▶ [Problem requirements]: Skip the pictures. Transcribe the rest of the data below without changing a word.

** Opening Collected data block **

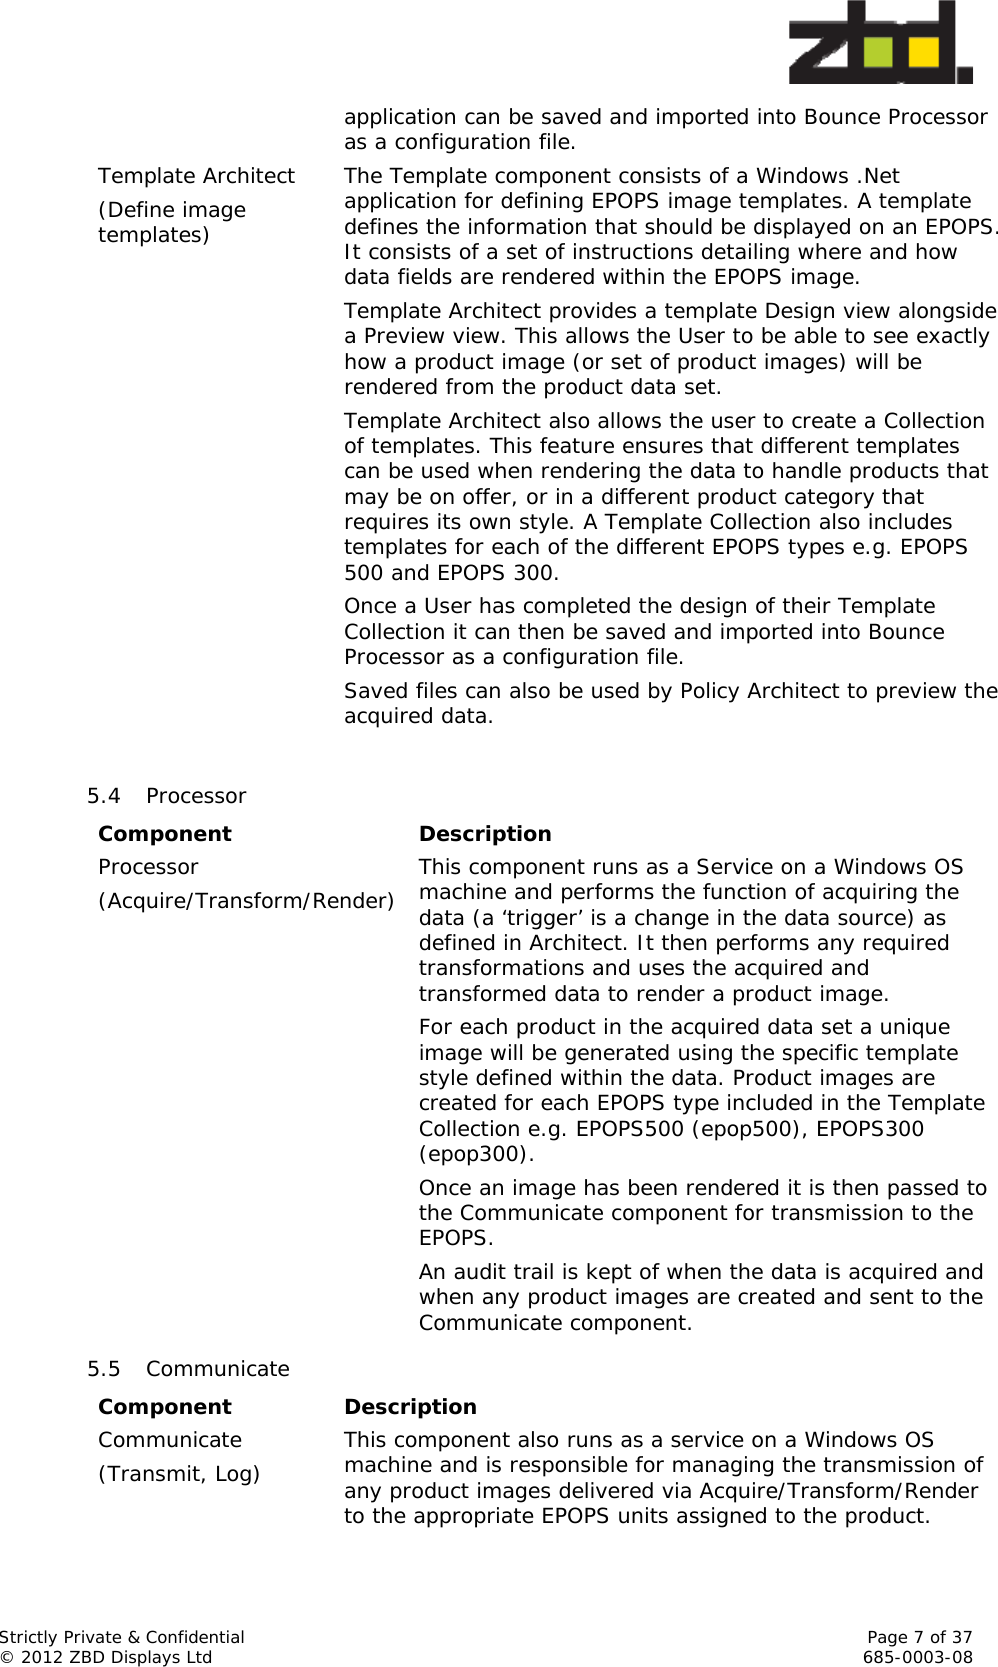  Strictly Private &amp; Confidential    Page 7 of 37 © 2012 ZBD Displays Ltd     685-0003-08 application can be saved and imported into Bounce Processor as a configuration file. Template Architect (Define image templates) The Template component consists of a Windows .Net application for defining EPOPS image templates. A template defines the information that should be displayed on an EPOPS. It consists of a set of instructions detailing where and how data fields are rendered within the EPOPS image. Template Architect provides a template Design view alongside a Preview view. This allows the User to be able to see exactly how a product image (or set of product images) will be rendered from the product data set. Template Architect also allows the user to create a Collection of templates. This feature ensures that different templates can be used when rendering the data to handle products that may be on offer, or in a different product category that requires its own style. A Template Collection also includes templates for each of the different EPOPS types e.g. EPOPS 500 and EPOPS 300. Once a User has completed the design of their Template Collection it can then be saved and imported into Bounce Processor as a configuration file. Saved files can also be used by Policy Architect to preview the acquired data.   5.4 Processor Component Description Processor (Acquire/Transform/Render) This component runs as a Service on a Windows OS machine and performs the function of acquiring the data (a ‘trigger’ is a change in the data source) as defined in Architect. It then performs any required transformations and uses the acquired and transformed data to render a product image. For each product in the acquired data set a unique image will be generated using the specific template style defined within the data. Product images are created for each EPOPS type included in the Template Collection e.g. EPOPS500 (epop500), EPOPS300 (epop300). Once an image has been rendered it is then passed to the Communicate component for transmission to the EPOPS. An audit trail is kept of when the data is acquired and when any product images are created and sent to the Communicate component. 5.5 Communicate Component Description Communicate (Transmit, Log)  This component also runs as a service on a Windows OS machine and is responsible for managing the transmission of any product images delivered via Acquire/Transform/Render to the appropriate EPOPS units assigned to the product. 
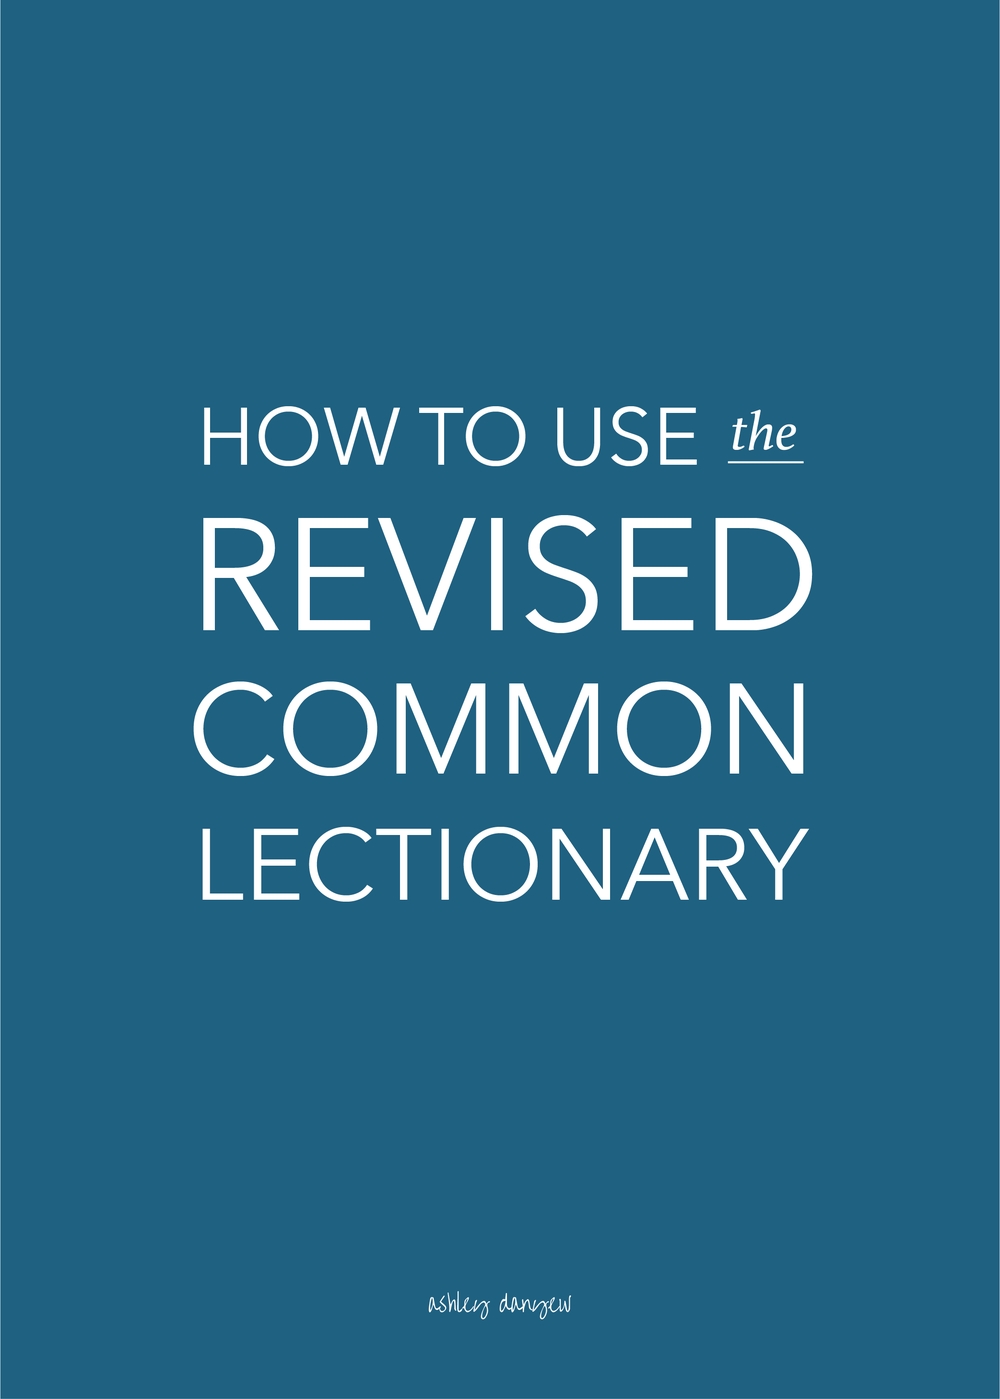 How To Use The Revised Common Lectionary | Ashley Danyew  Lectionary For This Week In United Methodist
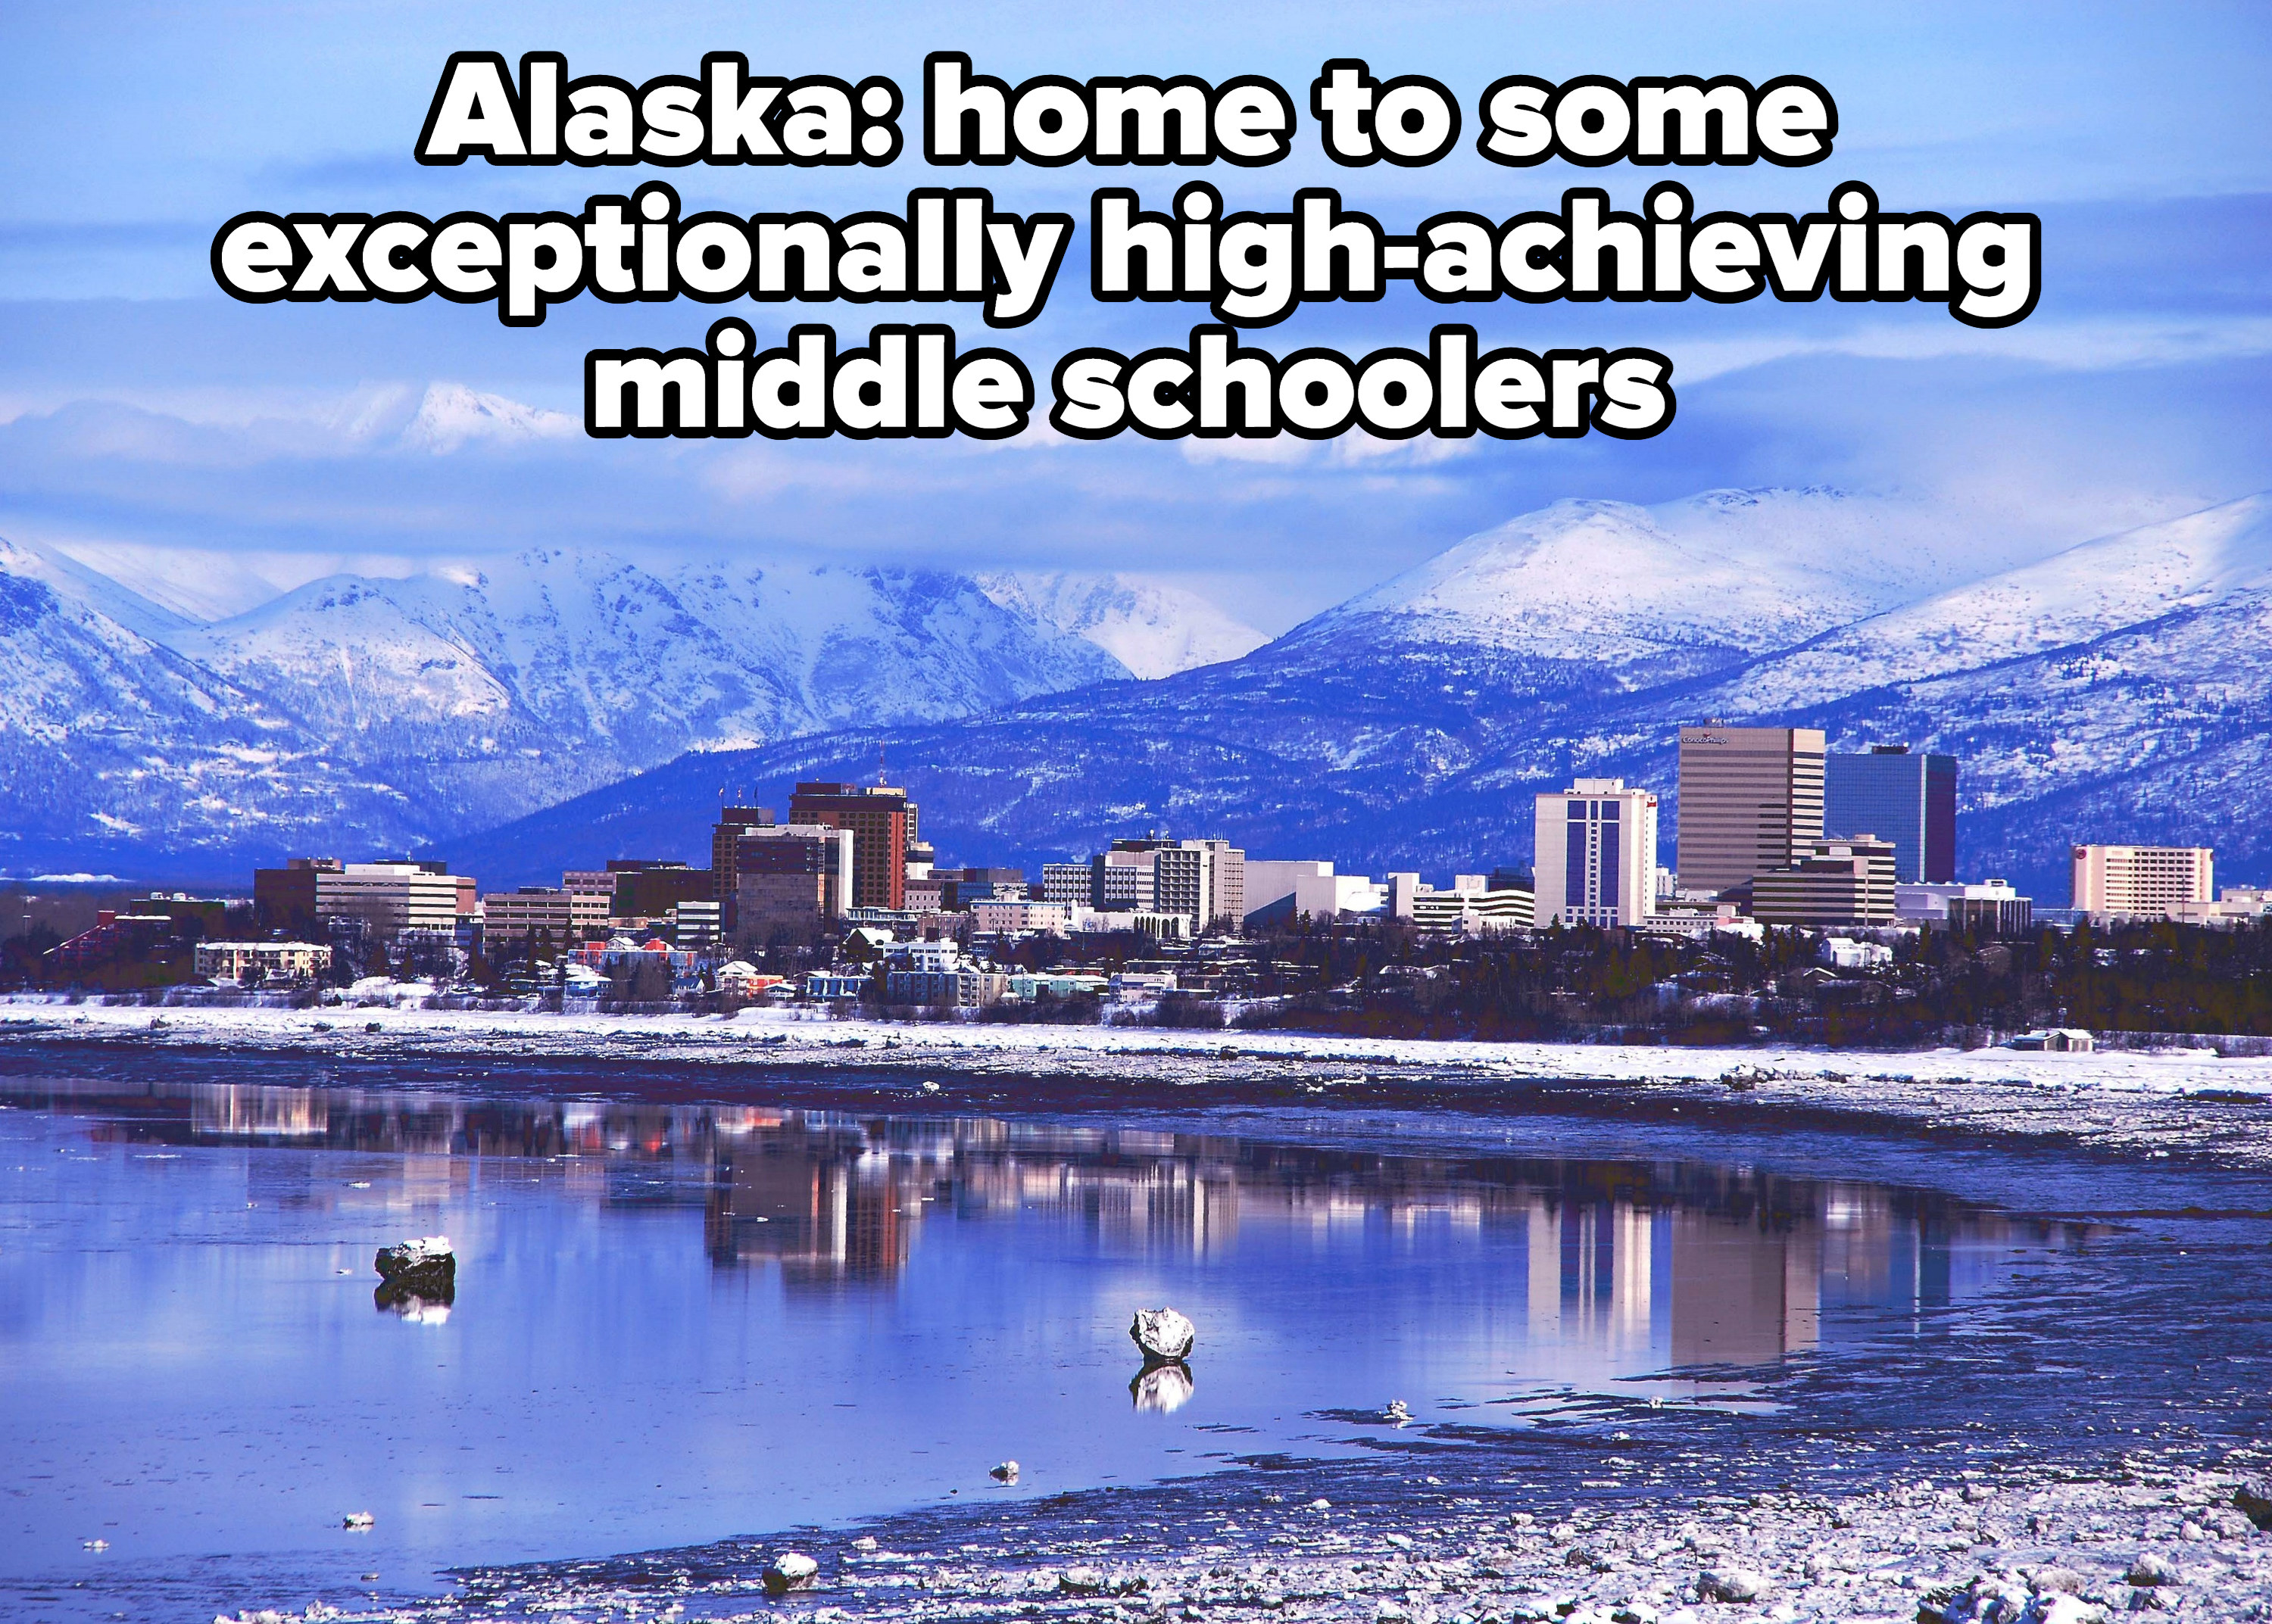 the downtown skyline of Anchorage, Alaska, with caption: Alaska: home to some exceptionally high-achieving middle schoolers

** Closing Collected data block **

▶ [Solution to the exercise]:
  Strictly Private &amp; Confidential    Page 7 of 37 © 2012 ZBD Displays Ltd     685-0003-08 application can be saved and imported into Bounce Processor as a configuration file. Template Architect (Define image templates) The Template component consists of a Windows .Net application for defining EPOPS image templates. A template defines the information that should be displayed on an EPOPS. It consists of a set of instructions detailing where and how data fields are rendered within the EPOPS image. Template Architect provides a template Design view alongside a Preview view. This allows the User to be able to see exactly how a product image (or set of product images) will be rendered from the product data set. Template Architect also allows the user to create a Collection of templates. This feature ensures that different templates can be used when rendering the data to handle products that may be on offer, or in a different product category that requires its own style. A Template Collection also includes templates for each of the different EPOPS types e.g. EPOPS 500 and EPOPS 300. Once a User has completed the design of their Template Collection it can then be saved and imported into Bounce Processor as a configuration file. Saved files can also be used by Policy Architect to preview the acquired data.   5.4 Processor Component Description Processor (Acquire/Transform/Render) This component runs as a Service on a Windows OS machine and performs the function of acquiring the data (a ‘trigger’ is a change in the data source) as defined in Architect. It then performs any required transformations and uses the acquired and transformed data to render a product image. For each product in the acquired data set a unique image will be generated using the specific template style defined within the data. Product images are created for each EPOPS type included in the Template Collection e.g. EPOPS500 (epop500), EPOPS300 (epop300). Once an image has been rendered it is then passed to the Communicate component for transmission to the EPOPS. An audit trail is kept of when the data is acquired and when any product images are created and sent to the Communicate component. 5.5 Communicate Component Description Communicate (Transmit, Log)  This component also runs as a service on a Windows OS machine and is responsible for managing the transmission of any product images delivered via Acquire/Transform/Render to the appropriate EPOPS units assigned to the product. 
 How To Use The Revised Common Lectionary | Ashley Danyew  Lectionary For This Week In United Methodist
 the downtown skyline of Anchorage, Alaska, with caption: Alaska: home to some exceptionally high-achieving middle schoolers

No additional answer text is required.